New Compound SHP1705 Shows Promise in Targeting Glioblastoma via Circadian Clock Mechanisms

Recent research highlights the potential of a novel compound, SHP1705, in the treatment of glioblastoma, a highly aggressive form of brain cancer. This experimental drug targets circadian clock proteins that glioblastoma stem cells exploit for growth, thereby impairing the cancer cells' ability to thrive and proliferate. Published in the journal Neuro-Oncology, the study outlines the findings from a series of preclinical trials that demonstrate the efficacy and safety of SHP1705.

Glioblastoma is recognized as the most prevalent malignant brain tumor in adults, notoriously resistant to conventional treatments such as surgery, radiation, and chemotherapy. These tumors often recur, presenting significant challenges for healthcare providers. The discovery that glioblastoma cells can hijack circadian clock proteins, which regulate various biological rhythms within the body, offers a new avenue for therapeutic intervention.
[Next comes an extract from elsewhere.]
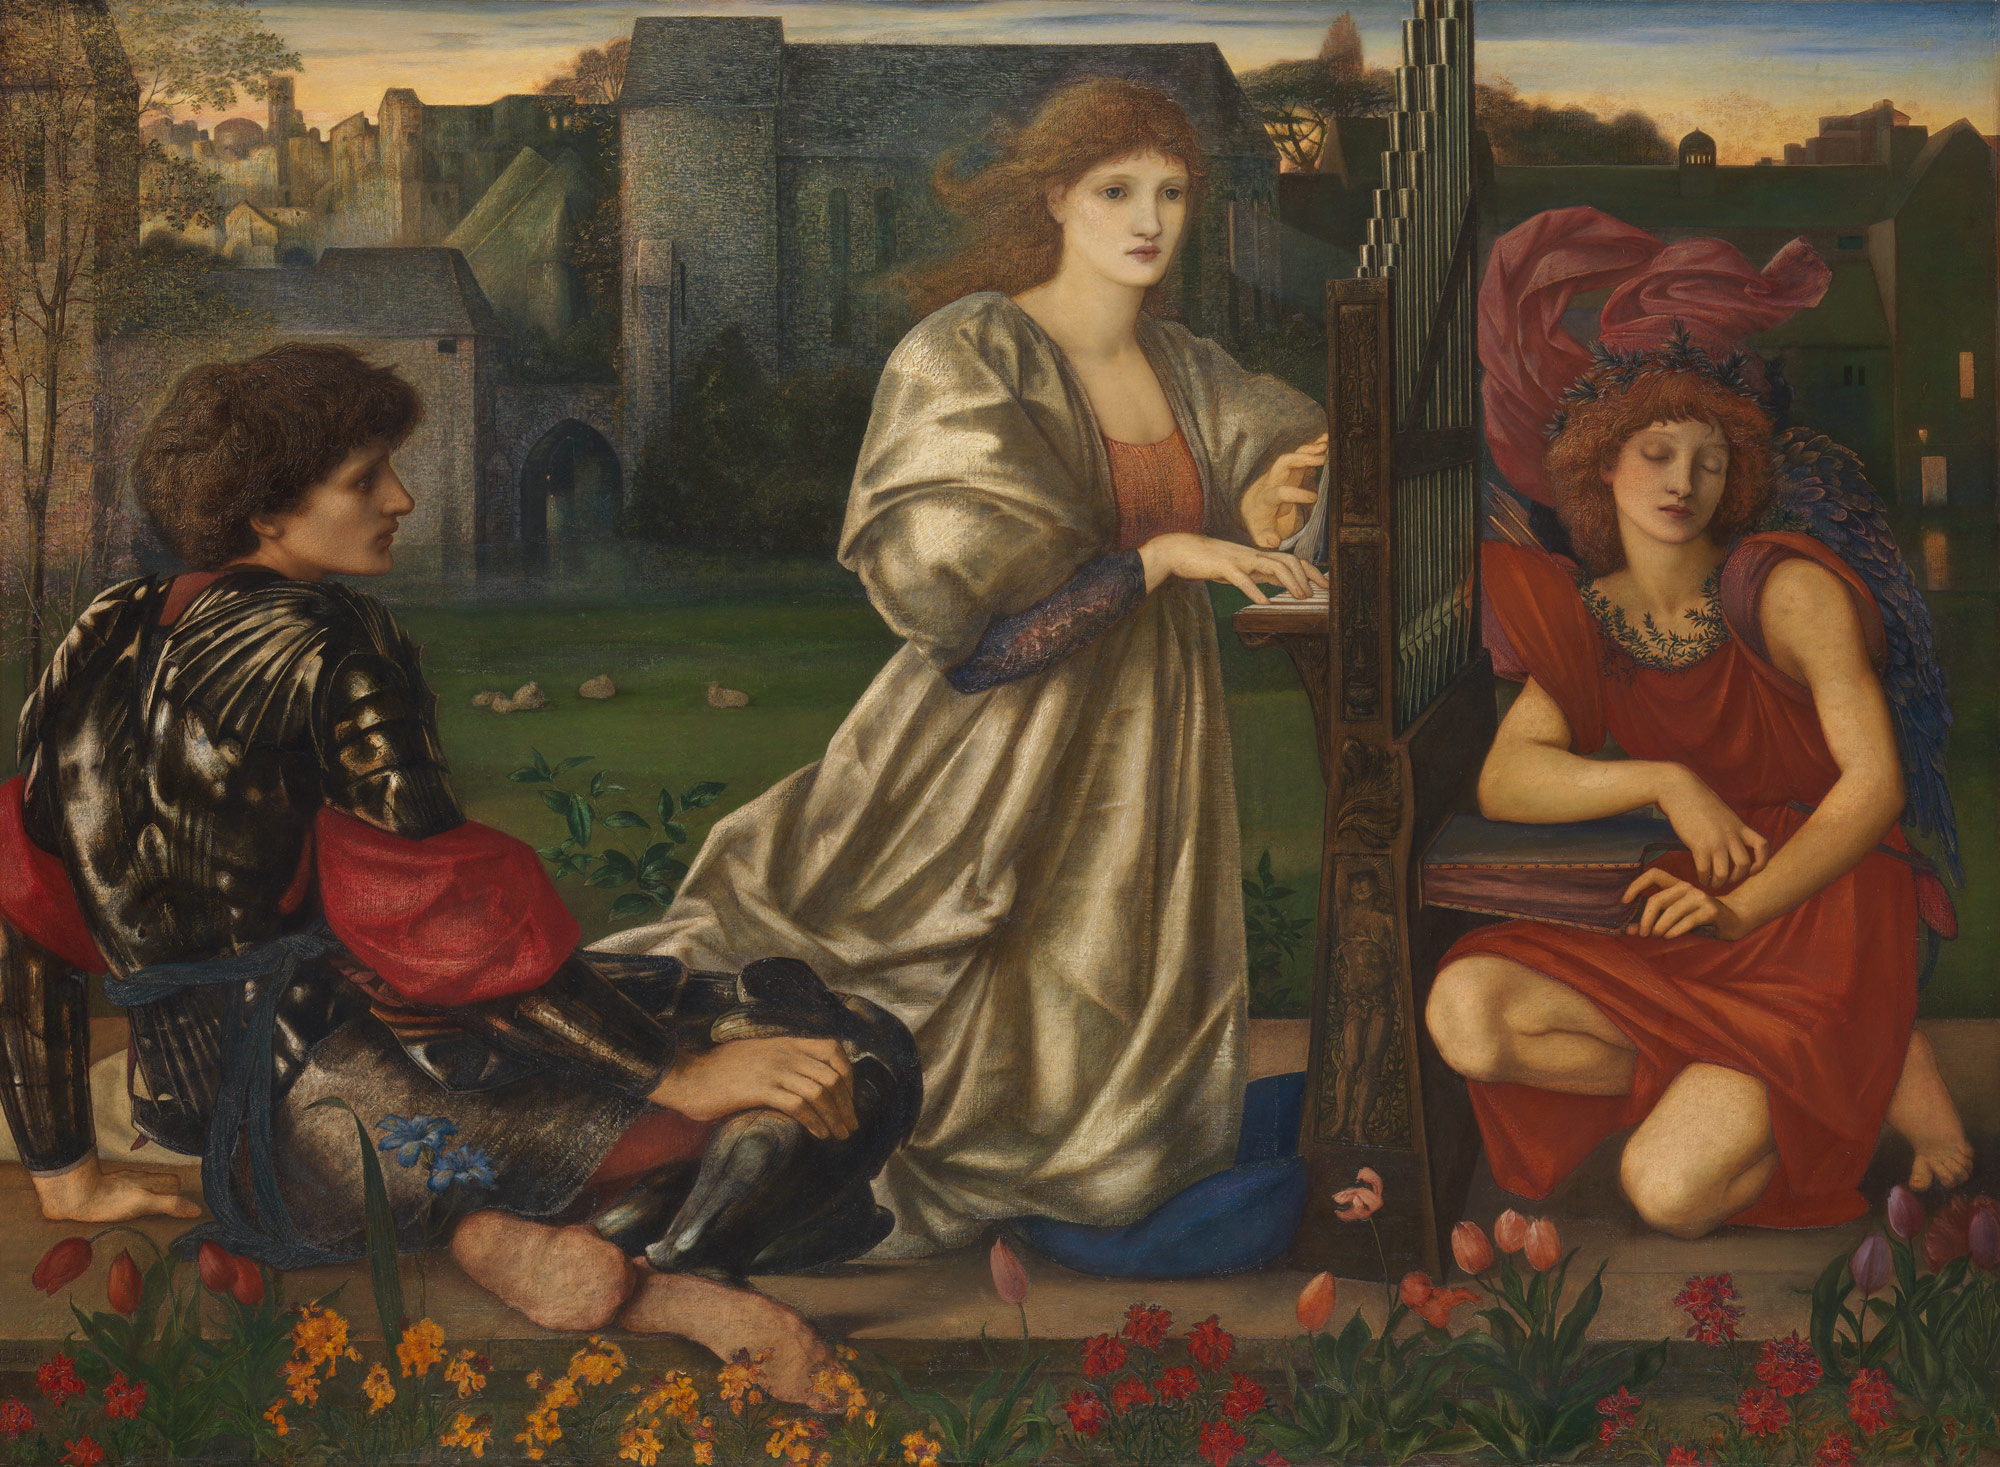 http://www.metmuseum.org/toah/images/hb/hb_47.26.jpg

By disabling these proteins, researchers aim to slow down or stop tumor growth.

Steve A. Kay, a leading researcher in this study and a professor at the Keck School of Medicine of USC, noted that there is increasing evidence indicating that brain cancer stem cells utilize circadian clock proteins to fuel their growth. Targeting these proteins could disrupt the replication process of these malignant cells.
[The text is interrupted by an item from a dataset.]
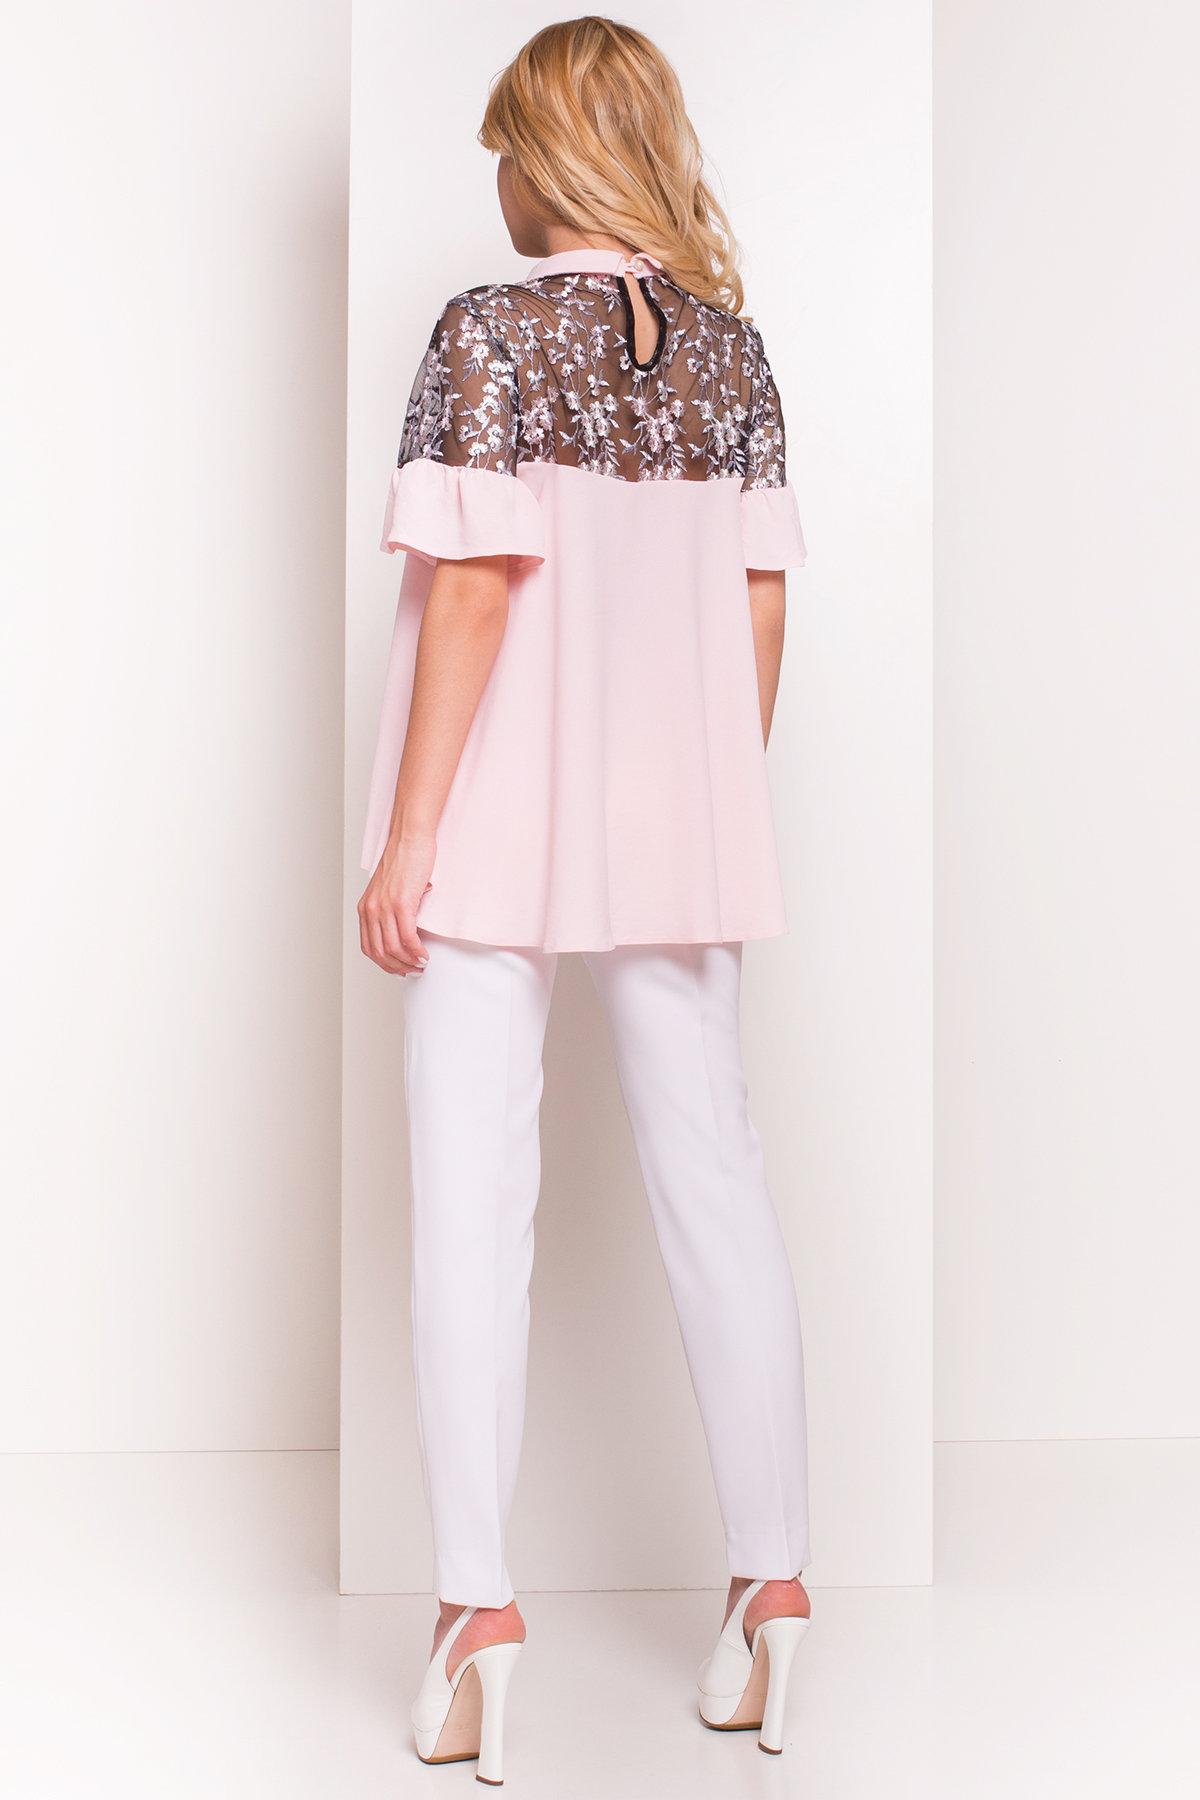 Блуза Анафи 5105 Цвет: Розовый Светлый

Kay, along with Jeremy Rich from the University of North Carolina at Chapel Hill, is at the forefront of a collaborative effort developing SHP1705. Through extensive biochemical and cellular studies, they have confirmed the compound's ability to neutralize glioblastoma stem cells effectively. Initial results from a phase 1 clinical trial conducted by Synchronicity Pharma, a biotech company co-founded by Kay, indicate that SHP1705 is well-tolerated in human subjects.

SHP1705 functions as a CRY activator, enhancing the activity of cryptochrome (CRY) proteins within cells. The compound specifically targets a variant of the CRY protein known as CRY2, which is found at reduced levels in glioblastoma cells. By increasing CRY2 activity, SHP1705 effectively disrupts the circadian clock mechanisms in these cancer cells while minimally affecting healthy brain cells.

In preclinical trials, SHP1705 was shown to impair the survival of glioblastoma stem cells, demonstrating effectiveness against both chemotherapy-sensitive and resistant cell lines. Further mouse studies revealed that a higher dosage of SHP1705 not only slowed tumor growth but also extended survival rates. Moreover, the compound appeared to enhance the efficacy of radiation therapy by increasing cancer cell mortality post-treatment.

In combination with another compound known as SR29065, which targets a different aspect of the circadian clock, SHP1705 showed improved results, suggesting potential synergistic effects that could enhance treatment outcomes.

The phase 1 clinical trial, involving 54 healthy participants, confirmed the safety profile of SHP1705, with only minor side effects reported, including headache and nausea. The next step involves a phase 2 clinical trial, where SHP1705 will be evaluated in conjunction with standard treatments like surgery, chemotherapy, and radiation. The compound's oral administration allows for a convenient treatment option for patients undergoing intensive therapies.

Current treatment protocols do not adequately address the presence of glioblastoma stem cells, which are believed to contribute significantly to cancer recurrence. The research team is optimistic that SHP1705 could fill this critical gap. Additionally, ongoing investigations are exploring the broader implications of targeting circadian clock proteins, as these proteins may also play roles in tumor growth and immune suppression.